Андреас быстро — сердце вздрогнуло радостью — прикрыл за собой дверь и пошел быстро, чуть пригибаясь вперед, словно от ветра, и запахиваясь в плащ; пошел по улицам в зимнем сером городском утре…
Вокруг не было ни одного человека…
В тот день, когда отец пригласил Андреаса к себе, мать проводила сына до двери; и все что-то говорила ему, что он одет не так тепло, как надо бы. Перед уходом он сказал ей, чтобы она легла отдохнуть. Когда он ушел, мать стоя у двери, уже запертой, чутко прислушивалась к его шагам, как он спускался по лестнице. В этот день ей было так беспокойно. Когда шаги сына совсем затихли, уже не было слышно их, он уже шел на улице; тогда она решила послушаться его и прилечь. Она прилегла в своей комнате, но это тревожное беспокойство не давало ей лежать. Она встала и пошла в комнату Андреаса. Там ей показалось неприбрано и она принялась непоседливо оправлять покрывало на кровати, переставлять с места на место какие-то вещицы, ощупывать ладонью скатерть на столе и подоконник — нет ли пыли… После пошла на кухню, но вдруг вспомнила, что Андреас сегодня обедает у отца. Она задумалась, будет ли сын ужинать, когда вернется; начать ли готовить ему ужин сейчас, или позже… Вдруг оказалось, что она не может ни на что решиться; так и не было ясно: готовить сейчас ужин или подождать; будет ли ужинать Андреас, когда вернется от отца; или его там так сытно накормят, что ему уже и не будет хотеться есть… И эта странная вязкая неразрешимость вроде бы простых вопросов еще более усиливала это ее настроение тревожно-непоседливое… Она остановилась в кухне у двери и не решалась уйти в комнату, в свою комнату или в комнату Андреаса; не решалась пройти в кухню и хотя бы присесть на табурет… Стояла неподвижно у двери и наконец на этом успокоилась; решив, что вот так и постоит; и ничего другого делать ей не надо. Это решение принесло облегчение. Она постояла некоторое время; затем, не думая, надо ли это делать, прошла вперед и села на табурет у стола. Было теперь даже и приятно вот так сидеть и знать, что ничего не надо делать, ни на что не надо решаться…

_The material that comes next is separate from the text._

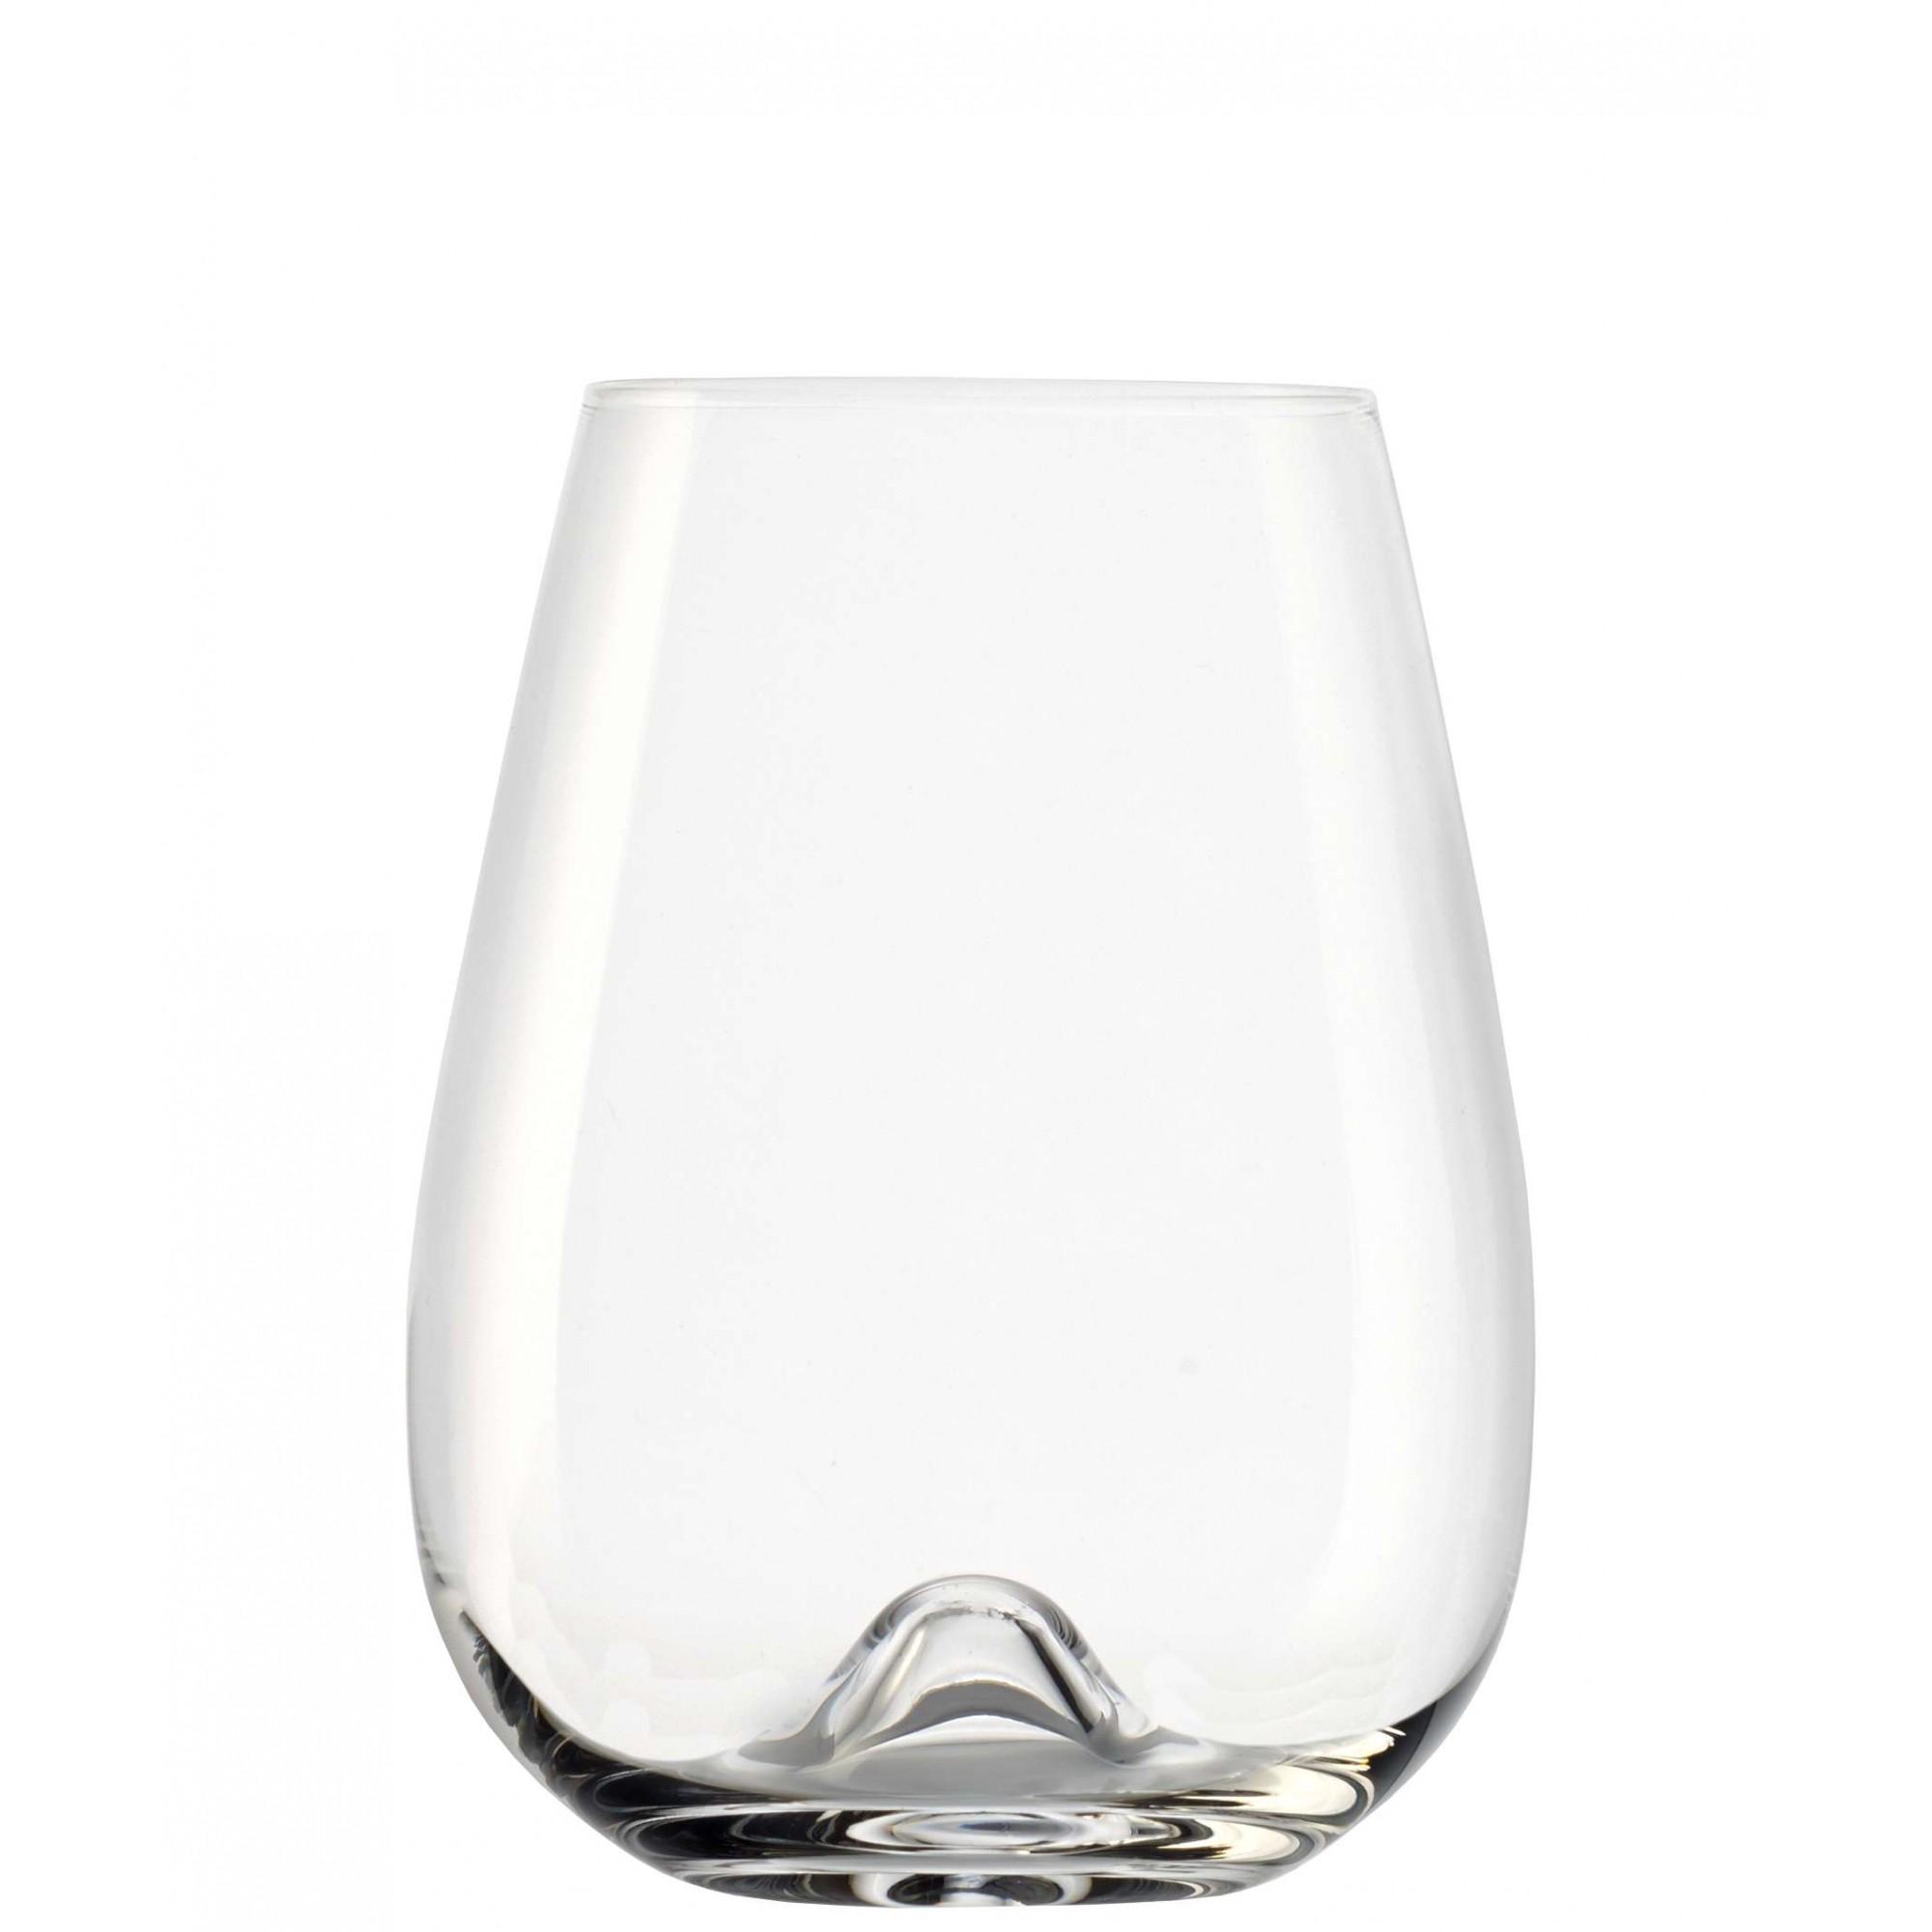 Conjunto De Copos De Cristal Para Degustação De Vinho de 475 ML Linha Vulcano Stölzle Lausitz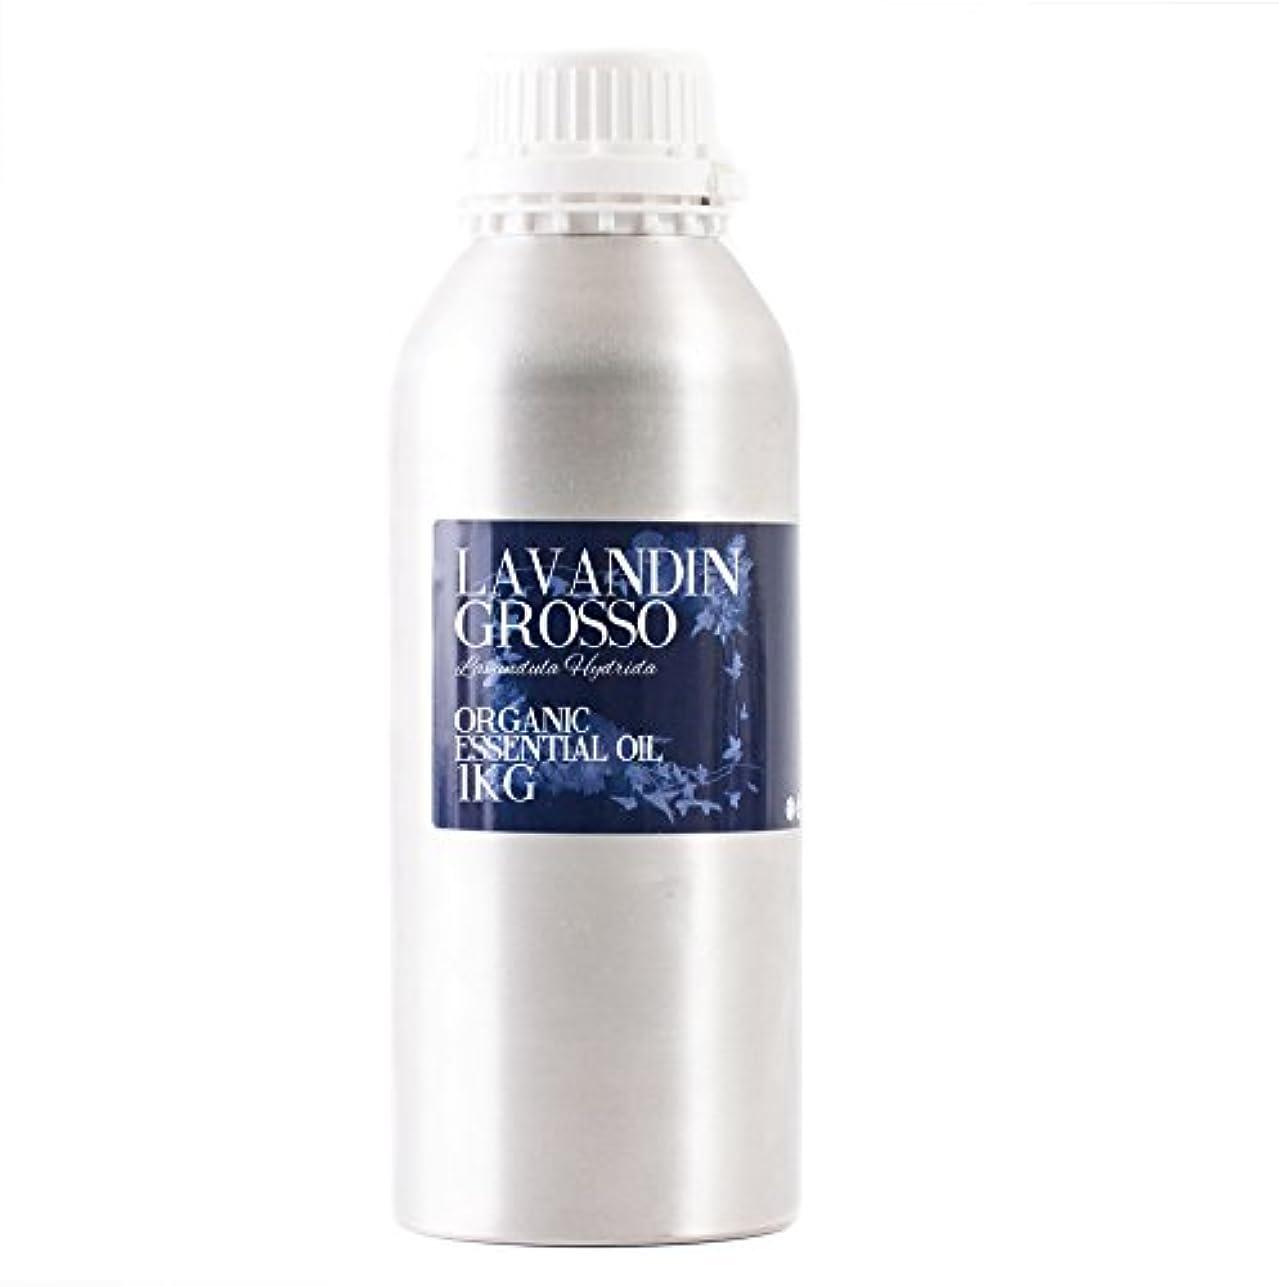 報いる論争的テレビを見るMystic Moments | Lavandin Grosso Organic Essential Oil - 1Kg - 100% Pure

Елена открыла глаза. Было больно шее, рука затекла. Она так и задремала на табурете у стола, положив голову правым ухом на руку, согнутую в локте, так что ладонь свесилась. Теперь Елена подняла голову, опустила руку и пошевелила ладонью. Уху тоже было больно. Несколько мгновений ее занимали эти болезненные ощущения; из острых они постепенно преобразились в тупо ноющие, а после и совсем исчезли. Тотчас она вдруг поняла, увидела, что в кухне совсем темно и в окно глядит зимняя темнота. Уже совсем поздно. В ее сознании эта темнота позднего зимнего вечера соединилась с внезапной тревогой за сына. Она быстро поднялась и быстро пошла из кухни, и громко звала:
— Андреас! Андреас!..
Она вошла в его комнату и позвала тревожно:
— Андреас!..
Нет, не откликнулся.
Его еще не было дома.
Но ей тревожно показалось, что уже совсем поздно, что он еще никогда не приходил так поздно. Обычно она боялась вечером отворять дверь, боялась грабителей и разбойников, хотя в городе редко случались какие-нибудь страшные происшествия. У Андреаса был ключ, и когда он поздно возвращался, он отпирал дверь своим ключом.
Но вот сейчас нерассуждающая отчаянная тревога погнала ее к двери. Досадуя на свои пальцы, которые вдруг стали дрожать, и на ключ, который туго поворачивался; она наконец справилась с замком, нетерпеливо откинула щеколду и выбежала на темную лестницу. Теперь она бежала по ступенькам, как будто уже знала… Бежала без страха, оставив за собой распахнутую дверь, даже не прикрыла ее.